@Krish E in this case, I guess run this sqoop job with -m 1 and break into batches wouldn't be an option to you, right?
Do you have any other BusinessKey or SK?
Also, we can take a look at the max/min value generated by Sqoop (bounds) and look in deep how many rows each mapper gets (you can see this through Yarn Web UI > App Master ID > Mappers > Logs). And we'll see if is it running evenly.

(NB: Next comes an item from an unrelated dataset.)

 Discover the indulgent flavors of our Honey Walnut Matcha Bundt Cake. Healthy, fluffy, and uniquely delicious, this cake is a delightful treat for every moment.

One last thing, just in case.. came to mind now :D
What about this command below?
sqoop import -Dorg.apache.sqoop.splitter.allow_text_splitter=true \ --connect jdbc:mysql://hostname:3306/jslice_orders \ --username=** -P --table archive_orders --fields-terminated-by '|' \ --lines-terminated-by '\n' --null-non-string "\\\\N" --null-string "\\\\N" --escaped-by '\' \ --optionally-enclosed-by '\"' --map-column-java dwh_last_modified=String --hive-drop-import-delims \ --as-parquetfile -m 16 --compress --compression-codec org.apache.hadoop.io.compress.SnappyCodec --delete-target-dir \ --target-dir hdfs:///hive/warehouse/jslice_orders/archive_orders/text3/ --split-by "cast(order_number as UNSIGNED) % 16" \
--boundary-query "SELECT 0,15"
Hope this helps :)
good idea. The cast on split-by is still not working so the above will not work and its just not for 1 tables i am working on i will eventually have to implement the solution on 250 + tables. So doing an 1 time import with 1 mapper and doing an incremental load after would be a better solution.
Anyway doing a dump everyday is not scalable
Got it @Krish E!
Yeah I was going to say the same, usually dump you whole db it isn't worth to do. At least in the common cases..

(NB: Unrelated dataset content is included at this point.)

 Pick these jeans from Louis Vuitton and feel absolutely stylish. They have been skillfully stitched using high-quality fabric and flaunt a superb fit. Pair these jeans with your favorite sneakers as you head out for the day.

If you're still intended to make the split-by, take a look at your columns and try to take another candidate as key for split-by (like BK/SK) and comment here to keep our good discussion!
Otherwise, I'd kindly ask you to accept the answer, so the other HCC users can find the solution faster. And open questions according to your issue. :)
Hope this helps!